A third round of negotiations toward a Canada-Pakistan Foreign Investment Promotion and Protection Agreement (FIPA, or Canada’s version of the BIT) starts in Ottawa today, just over a year after talks began.

“We have suggested to the Board of Investment that it would be too early to conclude the treaty as the ministry did not get enough time to thoroughly examine the proposed BIT and forwarded it to WTO section of the ministry for detailed comments,” said a senior official of the ministry in the article. “The situation is evident that ministry did not want to conclude the proposed BIT with Canada in haste likewise of BIT with USA.”

The issue for developing countries may not be so much the investor-state provision per se but the feeling that they are counter-productive or hazardous with countries like Canada, the U.S. and Europe where investors use the process to threaten and punish governments for legitimate public measures they do not like. Canadian mining firm Pacific Rim’s CAFTA lawsuit against El Salvador for not approving the company’s environmental impact assessment due to concerns about the impacts of a proposed gold mine on water and agriculture, as well as community opposition to the project, could cost the country $77 million, or 1 per cent of its GDP.

A letter signed by over 100 jurists to Trans-Pacific Partnership negotiating countries warned against including these investor rights in the mega free trade deal. The jurists, several of them from Canada, wrote:

the substantive rights granted by FTA investment chapters and BITs have also expanded significantly and awards issued by international arbitrators against states have often incorporated overly expansive interpretations of the new language in investment treaties. Some of these interpretations have prioritized the protection of the property and economic interests of transnational corporations over the right of states to regulate and the sovereign right of nations to govern their own affairs.

The letter continues:

In several instances, arbitral tribunals have gone beyond awards of cash damages and issued injunctive relief that creates severe conflicts of law. For instance, a recent order by a tribunal in the case brought by Chevron against Ecuador under a U.S.-Ecuador BIT ordered the executive branch of that country to violate its constitutional separation of powers and somehow halt the enforcement of an appellate court ruling.

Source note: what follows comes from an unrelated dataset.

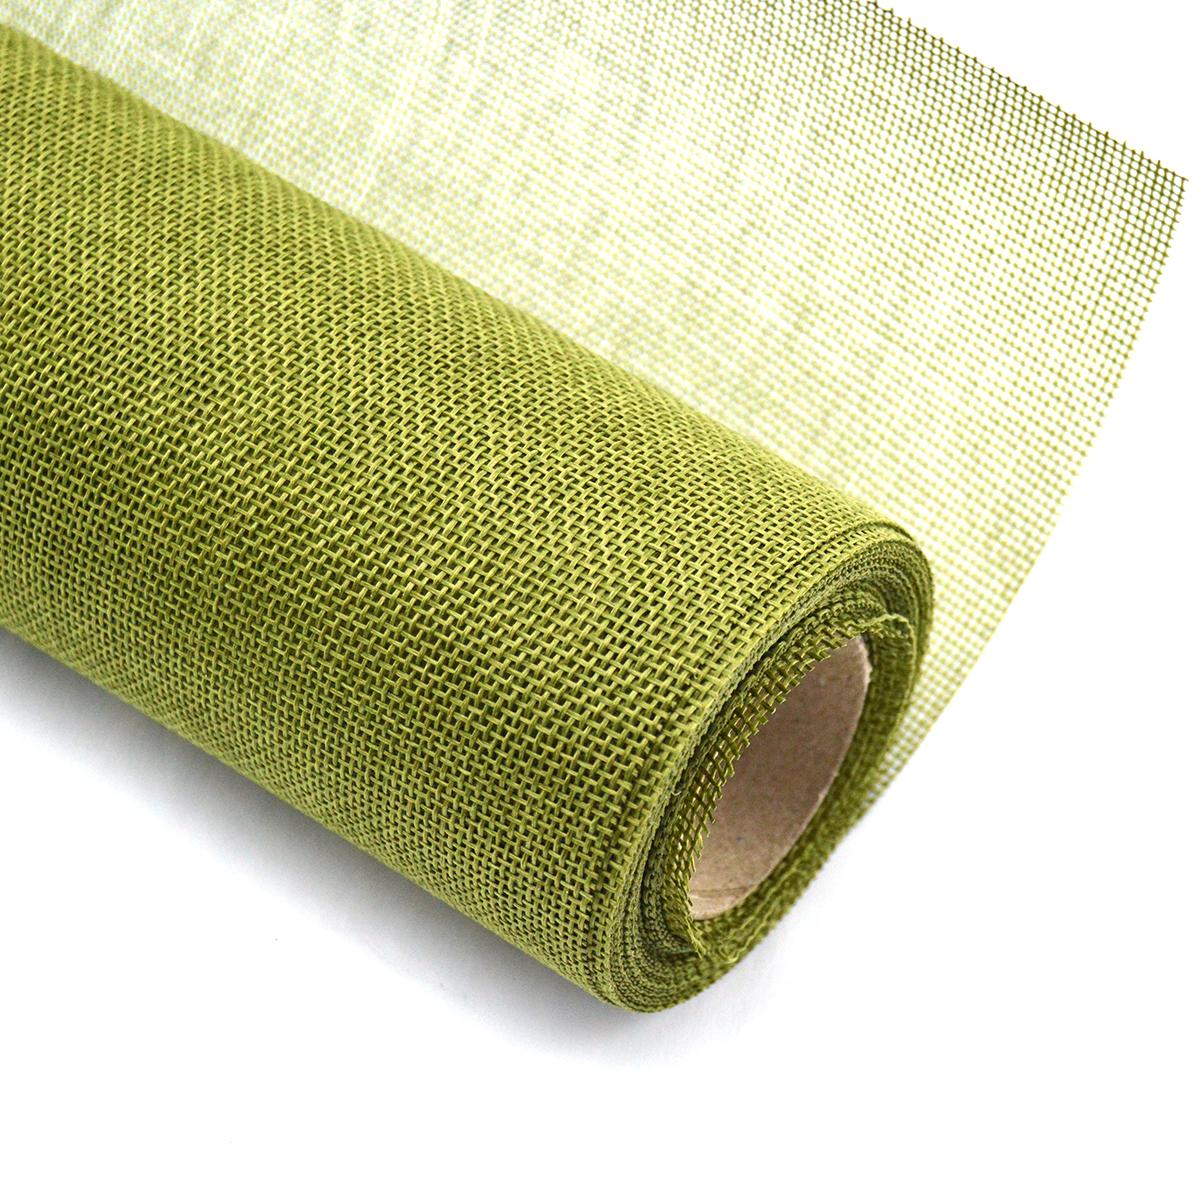 Plasa Sac Verde

To put the Bolivian decision with respect to its BIT with the U.S. into perspective, the TPP letter explains that “Over $675 million has been paid out under U.S. FTAs and BITs alone, 70% percent of which pertained to challenges to governments’ natural resource and environmental policies, not to traditional expropriations.”

The Council of Canadians has long opposed bilateral investment treaties in NAFTA, subsequent free trade deals and Canada’s FIPAs, mostly with developing countries but recently with China. Canada is the 6th most sued country under this regime according to a recent UNCTAD report. It is both sadistic and masochistic for the Harper government to continue the charade which has been so costly for Canada (upwards of $160 million has been paid out in fines and settlements) and developing countries, without any solid proof these treaties increase investment either into or out of Canada.